But even if it were true, that the evidence does not show acts and circumstances from which the assent of the other partners may be implied, we do not think that the instrument here sued upon was necessarily one which was required to be under seal. While one partner cannot bind his co-partners by deed, yet if the instrument executed by him, though under seal, would have been valid without a seal, and within the scope of the partnership business, and within the powers belonging to each partner, then the seal may be disregarded, and the instrument may be ratified as a simple contract. (Walsh v. Lennon, supra; Mechem on Agency, sec. 141; Story on Partnership,—7 ed.—sec. 122; Sterling v. Bock, 40 Minn. 11; Human v. Cuniffe, 32 Mo. 316; Robinson v. Crowoder, 4 McCord, (So. Car.) 287; Deckard v. Case, 5 Watts, 22). In other words, “the mere addition of a seal to a contract within the ordinary scope of-the business, which requires none, does not vitiate the contract.” (17 Am. & Eng. Enc. of Law, page 1004 and cases in note 1). This doctrine is conceded to be applicable to the instrument upon which the present suit is brought, so far as that instrument is a mere bill of sale. Where there is a simple transfer of personal property, the addition of a seal neither adds to nor detracts from the effect of the transfer; and, consequently, if it is signed and sealed' in the firm name by one partner, it is not thereby rendered inadmissible in evidence against the other partners.

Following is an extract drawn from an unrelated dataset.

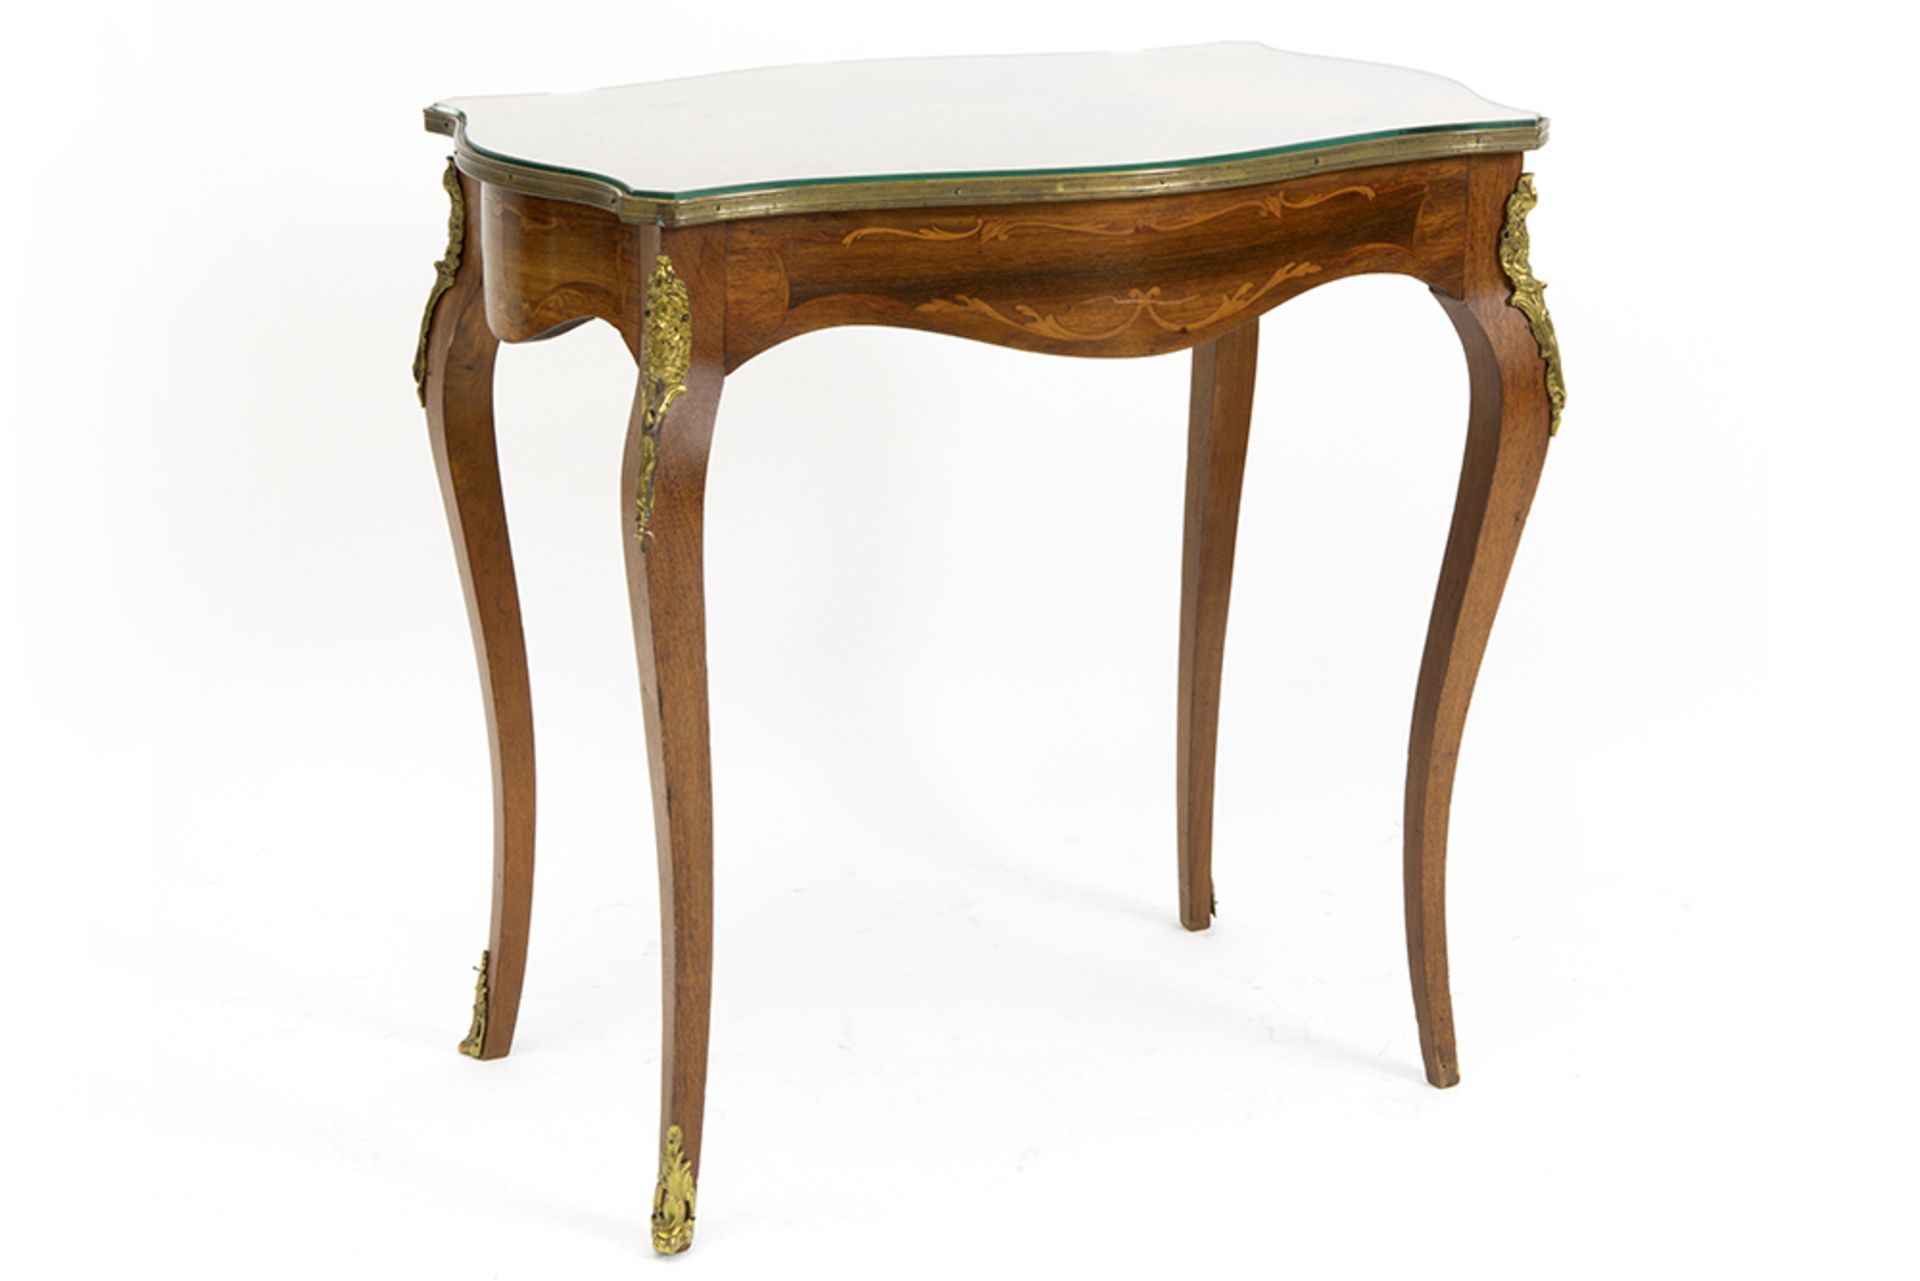 Louis XV style occasional table with marquetry || Bijzettafel in Lodewijk XV-stijl versierd met

But it is said, that the addition of the seal to the firm name by the signing partner makes the instrument inadmissible against the other partners, so far as the warranties or guaranties contained in it are concerned.

There are some authorities, which hold that an unnecessary seal may be disregarded in instruments of transfer, but not in those creating a new and original obligation in the nature of a specialty debt. (1 Bates’ Law of Partnership, sec. 418, note 2). But where the obligations contained in a bill of sale of personal property, as well as the transfer of the interest in the property itself, are within the ordinary scope of the partnership business and within the powers of each individual partner, the non-executing partners are not relieved from liability upon such obligations by the mere fact, that the partner signing the firm name affixes a seal. The firm of Levi Dillon & Sons were dealing in Norman stallions. Each partner had the power to sell these stallions, and there was involved in such power of sale the further power to warrant the quality of the horse as to its fitness for the purpose for which it was sold. Partners are considered as sanctioning the contracts which they singly enter into in the course of trade. By the act of entering into the partnership, each partner is made the general agent of his co-partners as to the firm business. (Deckard v. Case, 5 Watts, 22). Where a general agent is employed to carry on a business, the authority to sell, which is conferred upon him, may carry along with it the power to warrant, if it is usual, as it was here, to give a warranty when making a sale in such business. (Brady v. Todd, 9 C. B. N. S. 591 j Biddle on Warranties in the Sale of Chattels, secs. 14 and 15). A general agent employed to carry on the business of horse-dealing for his employer has an implied authority to warrant soundness when making sale of a horse. (2 Benj. on Sales, marg. pages 618-620; secs. 830, 831). Where a dealer contracts to supply an article, in which he deals, to be applied to a particular purpose, so that the buyer necessarily trusts to the judgment of the dealer, there is an implied warranty that it is. fit for the purpose to which it is to be applied. (Jones v. Just, L. R. 3 Q. B. 197 ; Biddle on Warr. etc. sec. 167).

For the reasons here stated we are of the opinion that the Circuit Court committed no error in refusing the instructions refused, or in admitting the evidence objected to.

The judgment of the Appellate Court is accordingly affirmed.

Judgment affirmed.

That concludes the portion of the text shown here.